Donald Trump isn’t going to make it through his first term as president. He’s going to be impeached, or JabBannon The Hutt is going to drop him into the rancor pit, which means the person we truly have to fear, so long as the Constitution remains unsuspended (and even that is starting to feel like an improbably Panglossian fantasy), is vice president and Cracker Barrel logo model Mike Pence. And it’s for that reason that one of the first things I did after election night (after I drained the house of brown liquor) was reach for my copy of The Handmaid’s Tale by Margaret Atwood. Pence’s record as Indiana governor makes him a lock for a commander position in the theocratic Republic Of Gilead: Under the guise of religious freedom, he legalized discrimination on the basis of sexual orientation, and later signed legislation that restricted abortion access. That, combined with the Trump administration’s stated policies on pussy-grabbing and blaming things on Muslims, had me racing through the novel in the final weeks of 2016. And wouldn’t you know it, but Hulu’s about to put out a TV version of The Handmaid’s Tale! Follow the urgent tagline of the novel’s previous adaptation, from 1990: Watch, read, or see The Handmaid’s Tale… while it’s still allowed. Or, you know, before we’re living in it.

Nick Wanserski

It depresses me how readily an answer for this came to me. Since it first came out in 2003, my wife and I regularly mention how prescient Margeret Atwood’s Oryx And Crake feels. Well, maybe not all of it.
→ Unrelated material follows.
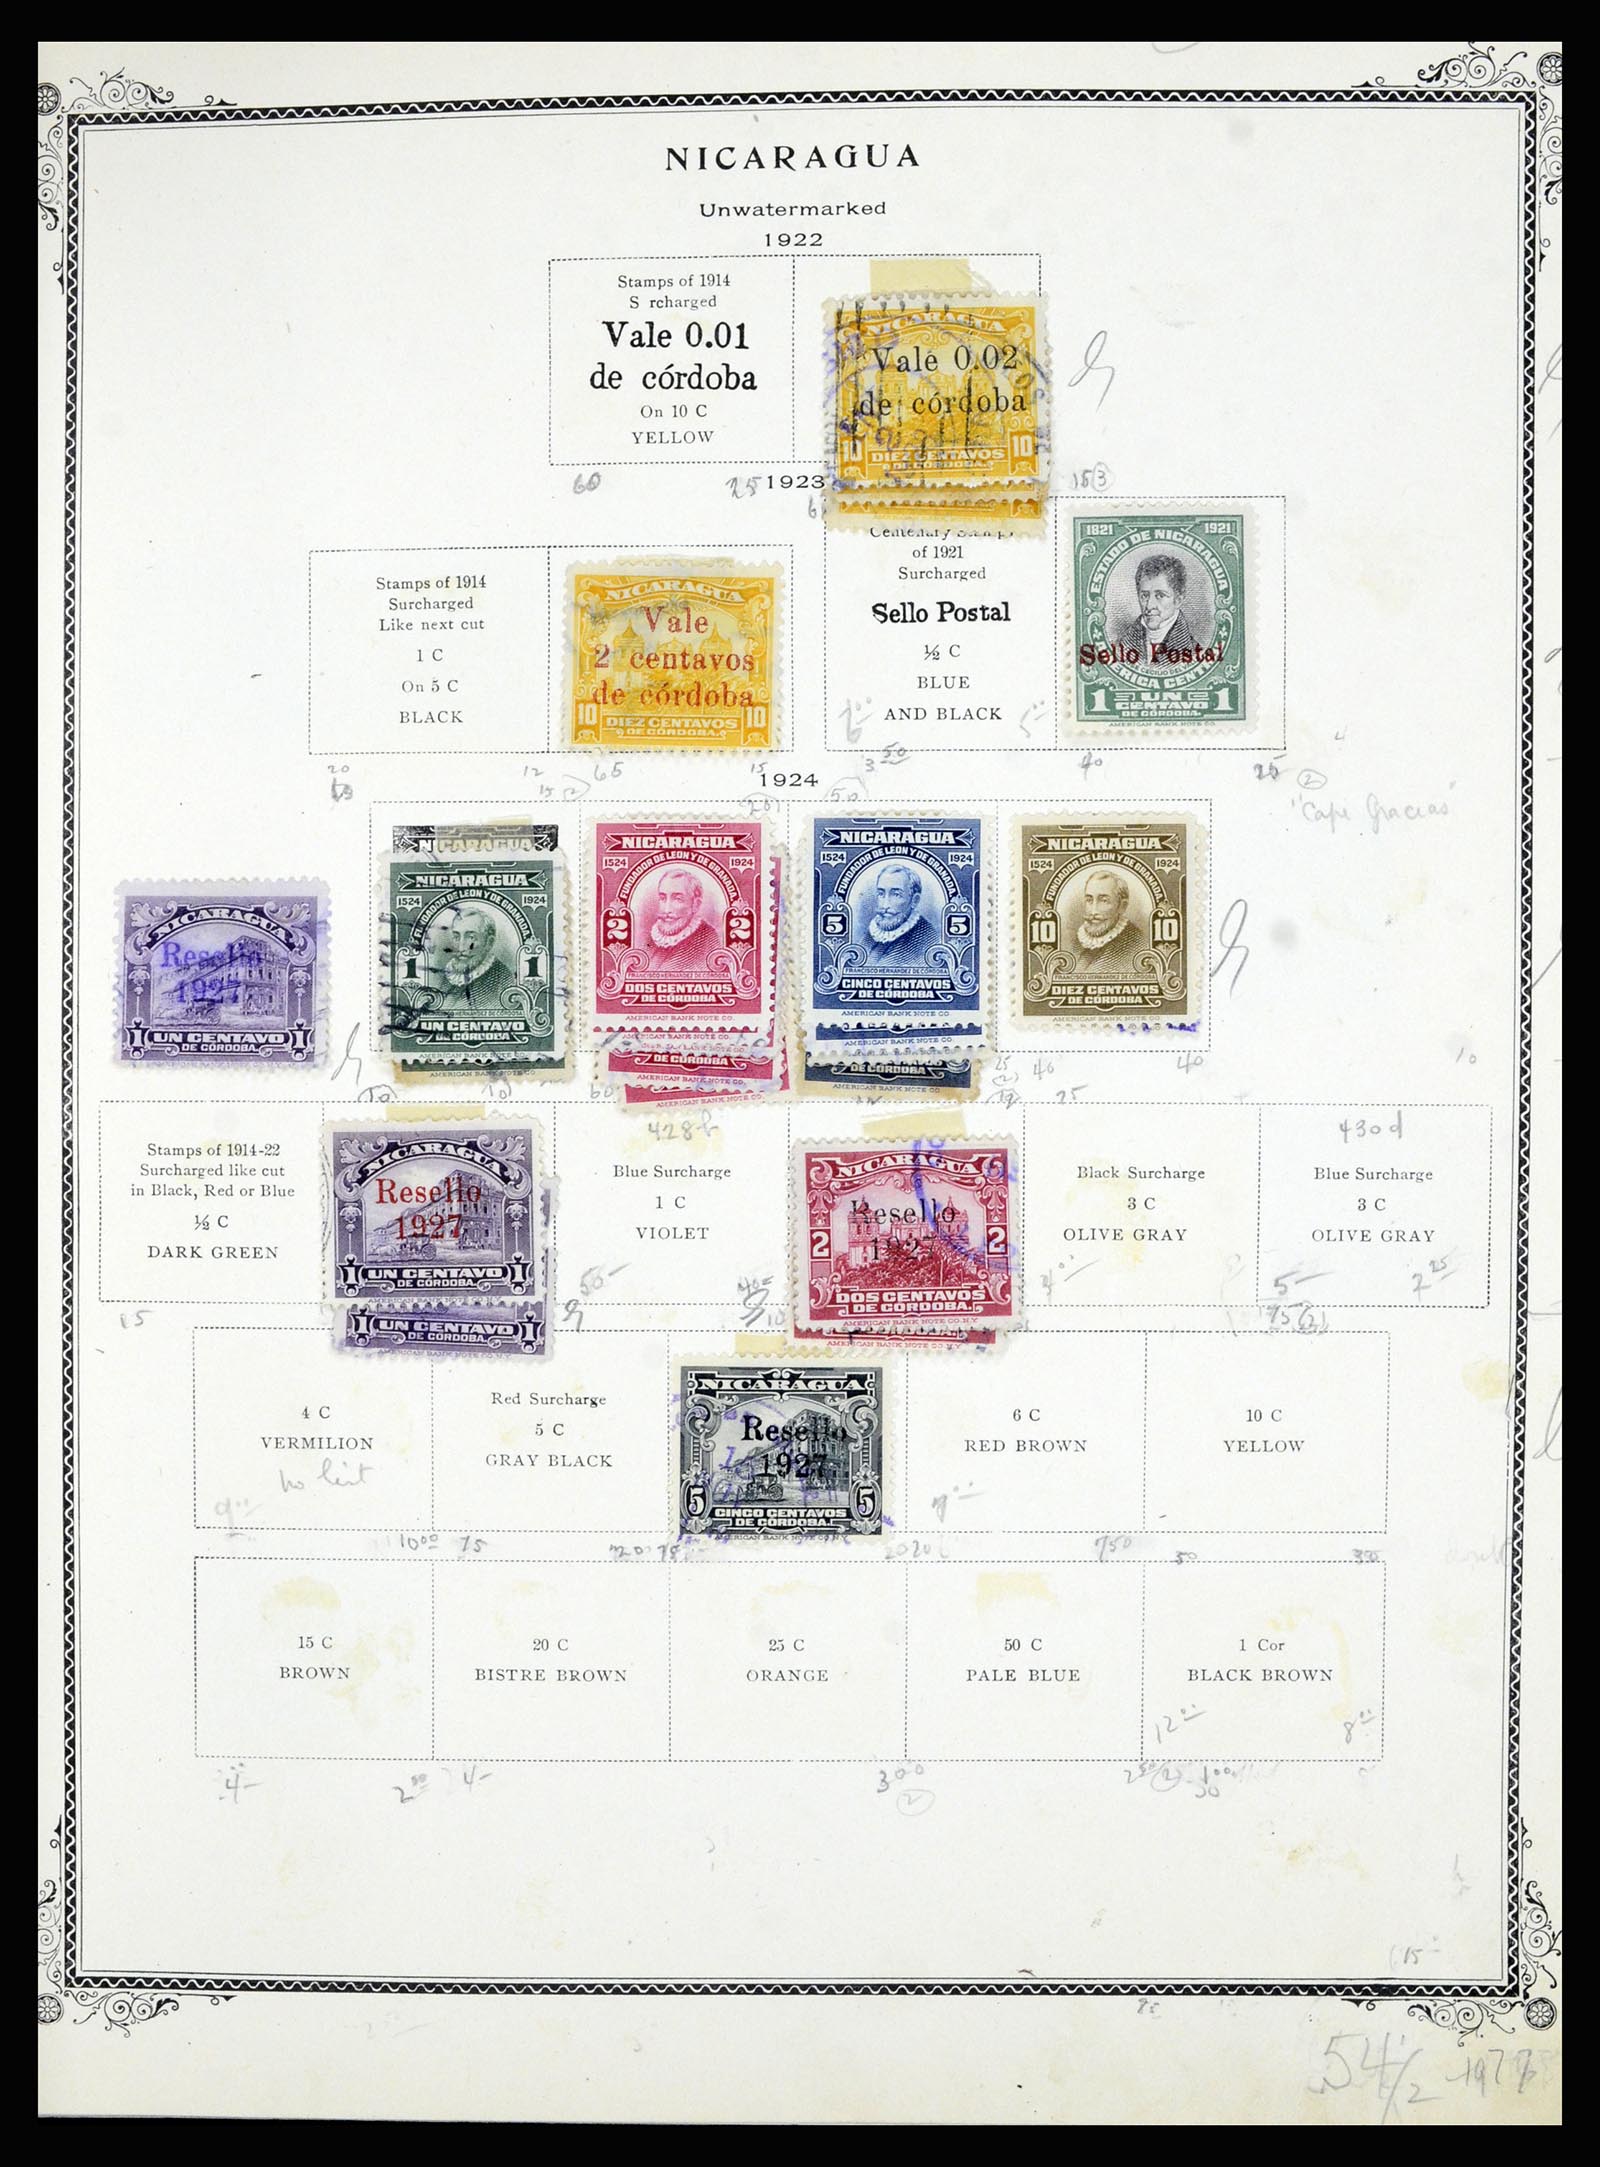 36494 072 - Stamp collection 36494 Nicaragua 1902-1945.

We’re still not as bad off as when the book begins, with the majority of humanity killed by a lab-created plague and replaced with a race of genetically engineered humanoids designed to survive in our environmentally damaged world. But Atwood’s world-building leading up to the cataclysm sure feels familiar. Powerful corporations have become self-sustaining city-states walled off from the rest of the nation—a marginalized and impoverished place known as the Plebelands. A popular sect of Christianity has emerged from willfully misinterpreting a Bible passage to effectively endorse petroleum worship and bored kids smoke weed while watching live-streaming execution videos. The grim banality of it all is presented in such intricate detail it almost makes the mad genius Crake’s decision to secretly poison humanity through the dissemination of a free super-drug BlyssPluss seem reasonable.

Alex McLevy

I still get contemplative thinking about the near-future dystopia of Children Of Men. Things are somewhat dark at the moment—current events suggest humans don’t have the foresight or tolerance for others to allow for a Star Trek-like future—so if we’re basing the predictive properties on the present day, Alfonso Cuarón’s vision of a world of technology, haves and have-nots, and a slowly rotting social fabric looks less prescient than common sense. Sure, it might not be a gradual rendering of all humanity infertile that punches our ticket, but it’s the allegorical equivalent of climate change, increasingly frayed social contracts, or whatever other apocalyptic scenario you can envision. If only I had a Clive Owen running around in sandals to make me feel more secure, it might all seem less dire. As it is, I’ll have to settle for hoping I don’t end up a warning notice in a cage, alerting incoming visitors to Chicago that there’s no batteries left in the city walls, during the great wi-fi battle of 2032.